I really don’t do a great job at this (I’m sipping on a coffee with almond milk and sugar now), but I am a lot better than I used to be.

Supplement with magnesium

I cannot say enough good things about magnesium. Taking a magnesium supplement was the first tip I took from Period Repair Manual and saying that it changed my life would be an understatement.

Given this post is about endometriosis, you may think I’m about to say that magnesium cured me.

Well, not quite.

Yes, it’s decreased my period related symptoms slightly thanks to the effect it has on inflammation, but the real life changing part is that magnesium has done wonders for my anxiety and depression.

I usually get low about once a month or so. Since starting magnesium in June I haven’t had any significant bouts of depression. Even amidst my team at work falling apart, my workload skyrocketing, and a breakup I stayed healthy.

Stop using plastic

OK, here is where I’m going to get a little bit crazy. I was reading through forums and read about eliminating plastic from your life to reduce your symptoms.

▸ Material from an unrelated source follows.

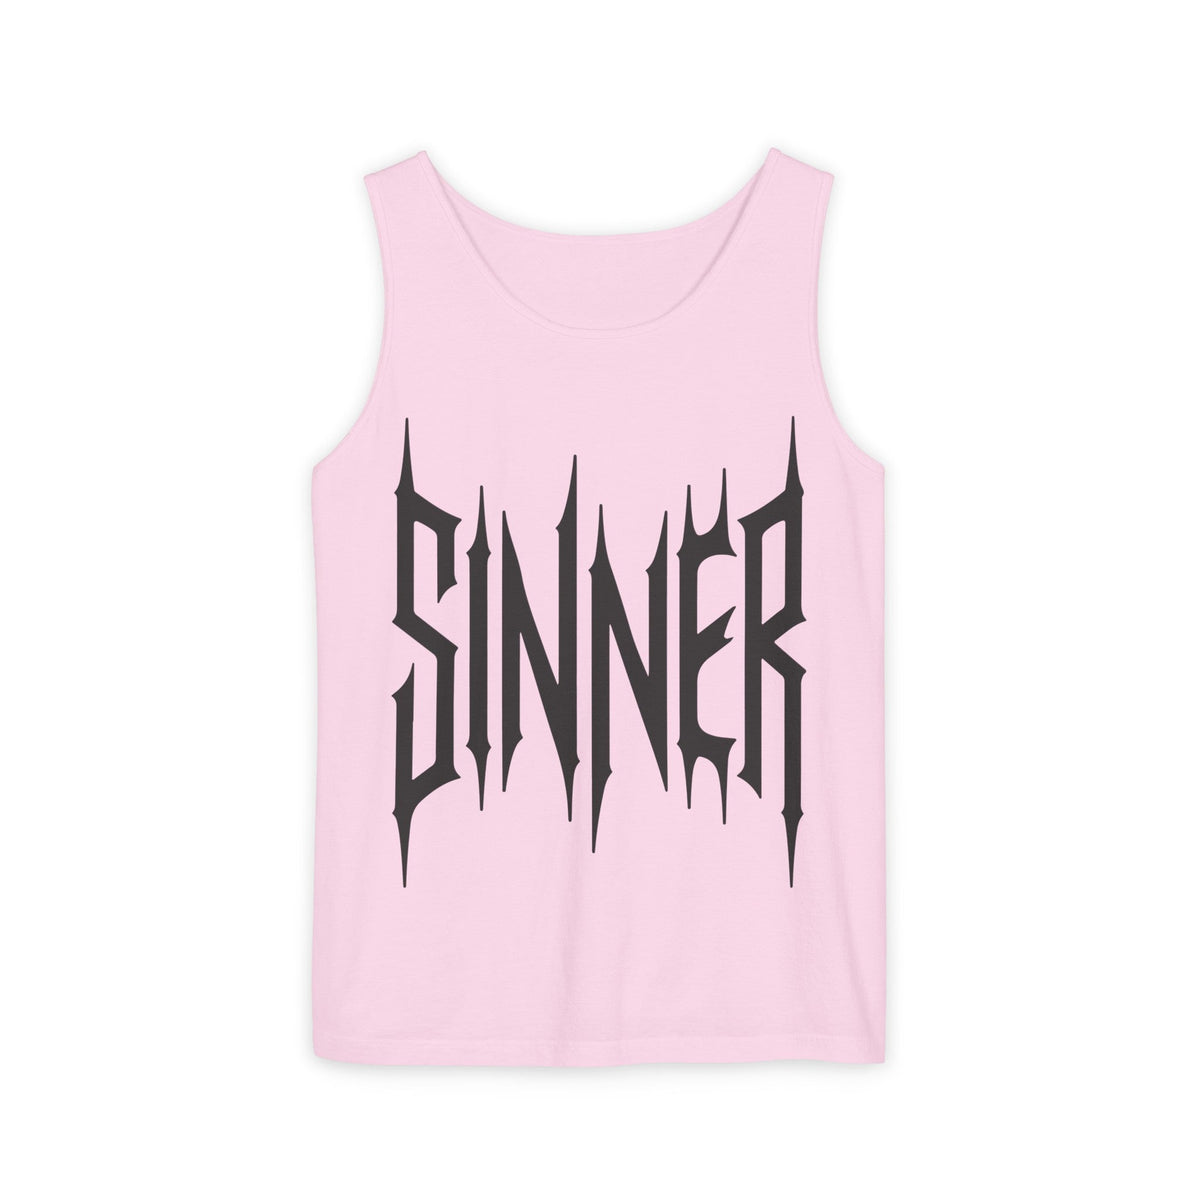 Sinner Unisex Tank - Goth Cloth Co.Tank Top18463220053239418215

In short, plastic can contain chemicals that act as endocrine disruptors which alters the way your body processes hormones.

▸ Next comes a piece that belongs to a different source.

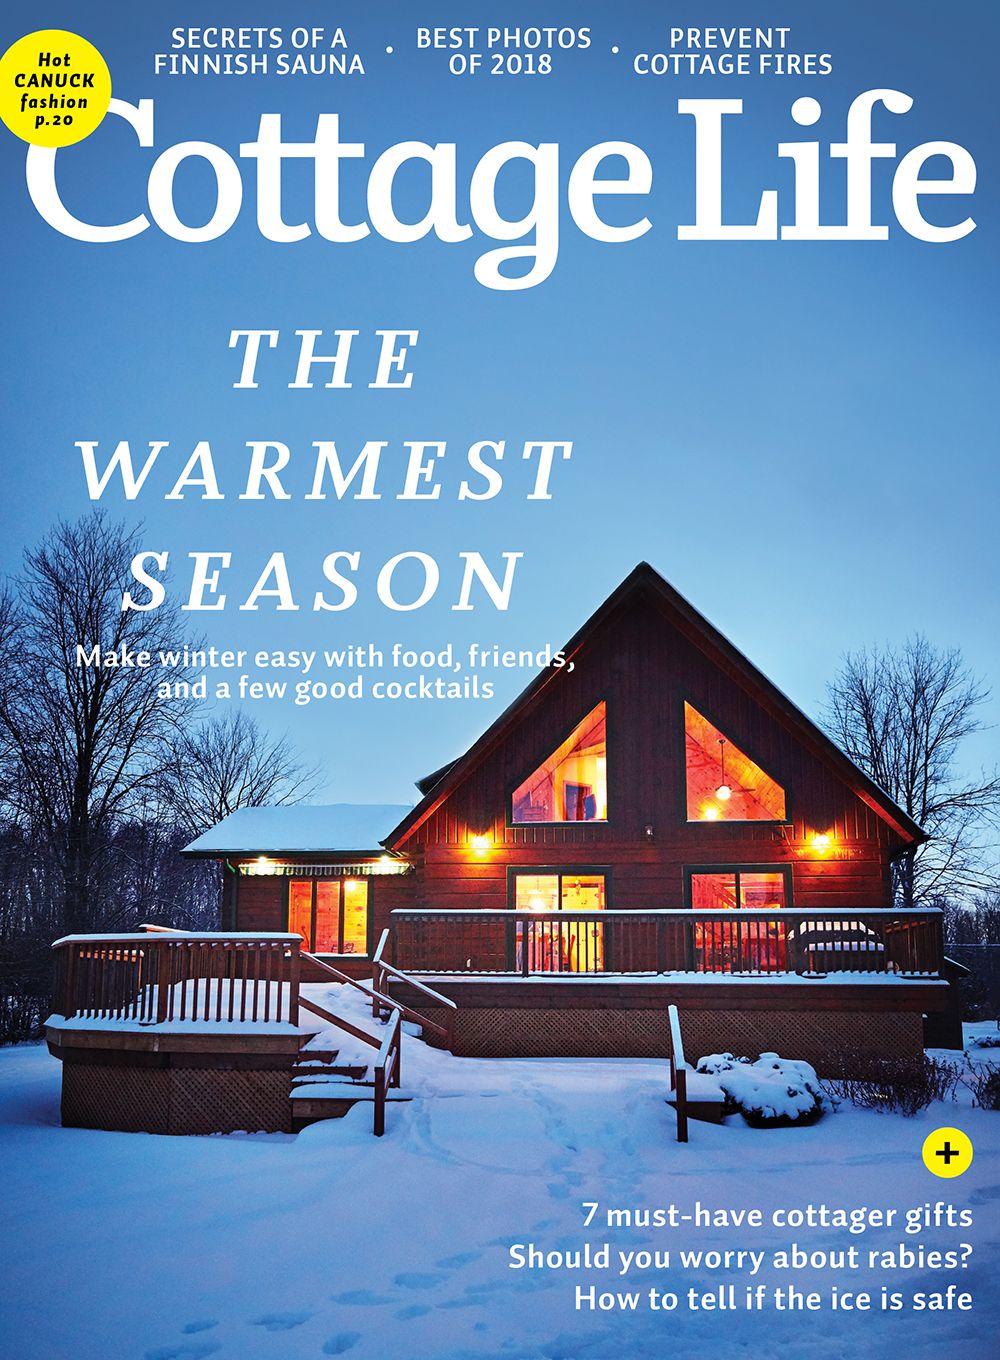 Winter 2018 Cottage Life Magazines Cottage Life

Again, if things are all good in your body, the effect might be negligible. For people who are already dealing with hormonal issues, these endocrine disruptors can be enough to push their disease to the next level.

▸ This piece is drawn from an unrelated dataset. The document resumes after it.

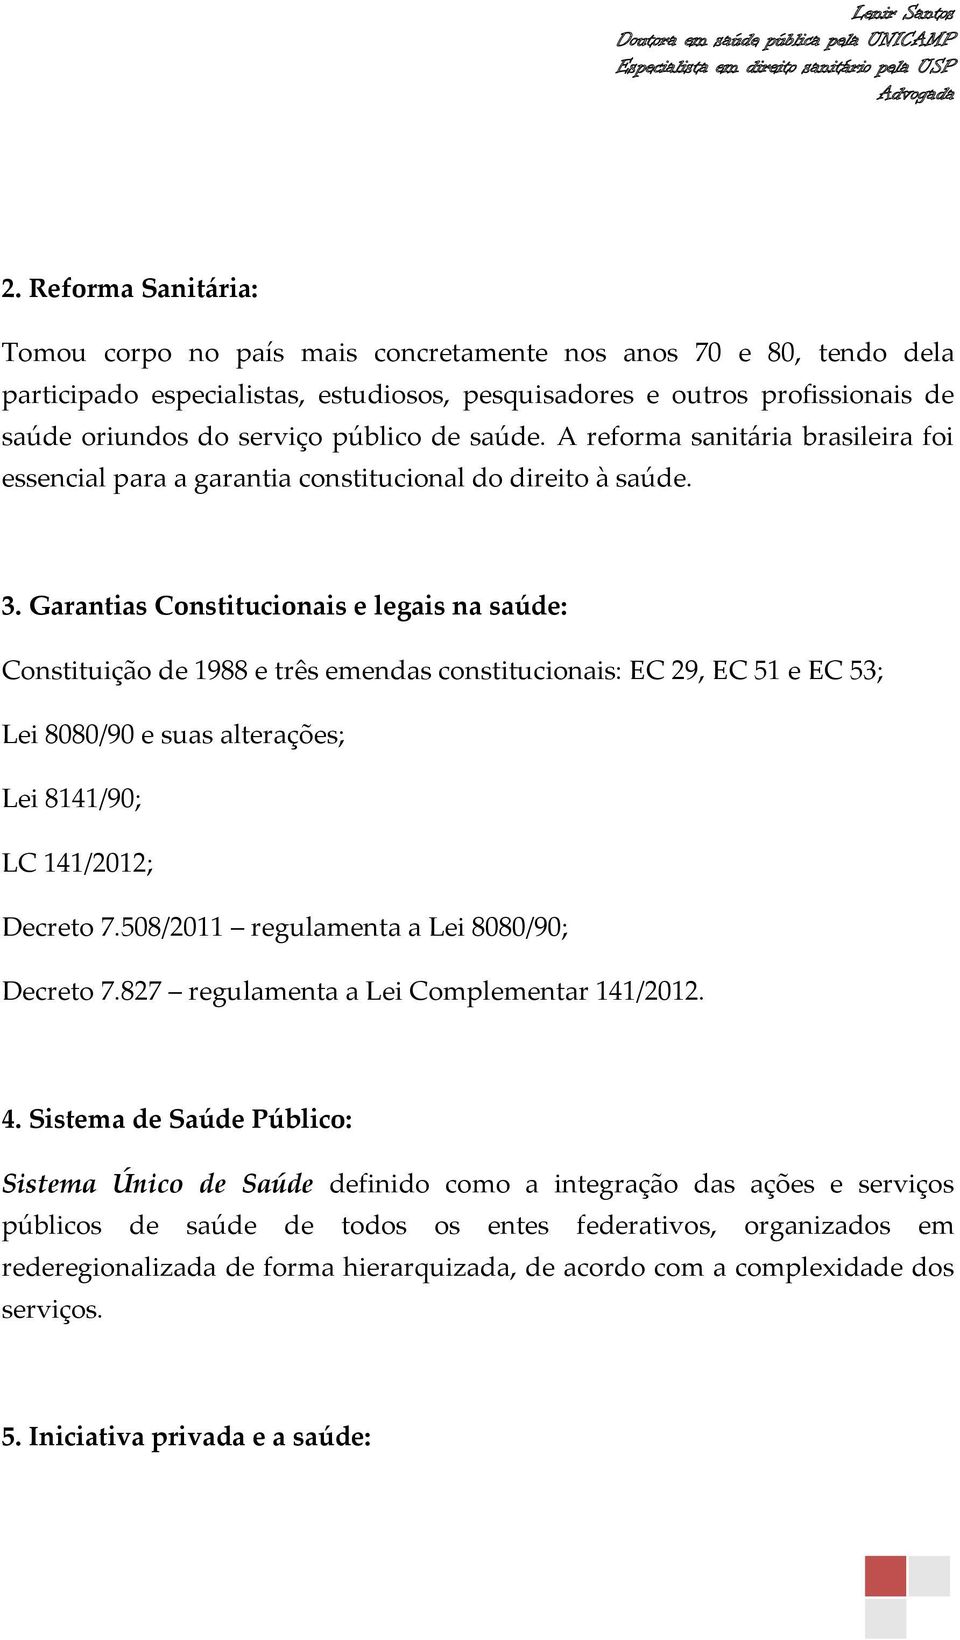 Garantias Constitucionais e legais na saúde: Constituição de 1988 e três emendas constitucionais: EC 29, EC 51 e EC 53; Lei 8080/90 e suas alterações; Lei 8141/90; LC 141/2012; Decreto 7.

I switched from using a reusable plastic bottle to glass, I got a new shower curtain liner that’s plastic free, swapped most of my tupperware for glass containers, and donated a bunch of plastic products I had lying around my house.

While I haven’t noticed any huge changes doing this yet, I’ve found that I actually prefer non-plastic products.

Focus on gut health

I’ve been all about gut health ever since I learned about kombucha. Basically, for people eating the Standard American Diet, your gut is probably 10/10 out of whack.

A healthy gut goes a long way in ensuring a healthy body.

Less than optimal gut health is linked with endometriosis and a slew of other diseases. (Did you know they call the gut our second brain? Healing your gut also helps cure anxiety and depression!)

For me, focusing on gut health looks like taking daily prebiotics and probiotics, eating a lot of fermented foods like sauerkraut and kombucha, and following the diet tips mentioned above.

Eat anti-inflammatory foods

We’ve talked about foods that cause inflammation, but there are also foods that fight inflammation in your body, too.

Garlic, turmeric, lemon, and onions are my favorite anti-inflammatory foods, but there are anti-inflammatory foods for every preference.

Now, just because you have turmeric tea with breakfast doesn’t cancel out a big steak dinner with onion rings and a milkshake on the side, but anti-inflammatory foods can help neutralize small amounts of inflammation in the body.

I’m still learning…

Like I said, I’m not a doctor and some of these methods aren’t scientifically backed. But for me, they work and they’re worth it. I’m not telling you that you have to make these changes to heal yourself. Or that they are definitely going to work for you.

As of today when I’m updating this post (February 2021), I have a few other strategies on my radar I’m hoping to try out.

  • Seed cycling: My therapist is also a holistic health specialist and she recommended I try seed cycling. I need to do more research and buy the seeds. I’ll report back once I do!
  • A TENS machines: I found a woman on TikTok who uses one to manage her endo pain and I’ve been intrigued. Right now I don’t have the money for one, but I plan on ordering as soon as I do.
  • Prenatal massage: My therapist also told me her friend (who isn’t pregnant) has endometriosis and gets a prenatal massage every month 2-3 days before her period is due to start. Again, I don’t have the money for this but I’d love to try it when I do!

But I do recommend researching them further and deciding if any are a good fit for you and your situation.

If any of you have endo, I’d love to hear what works for you!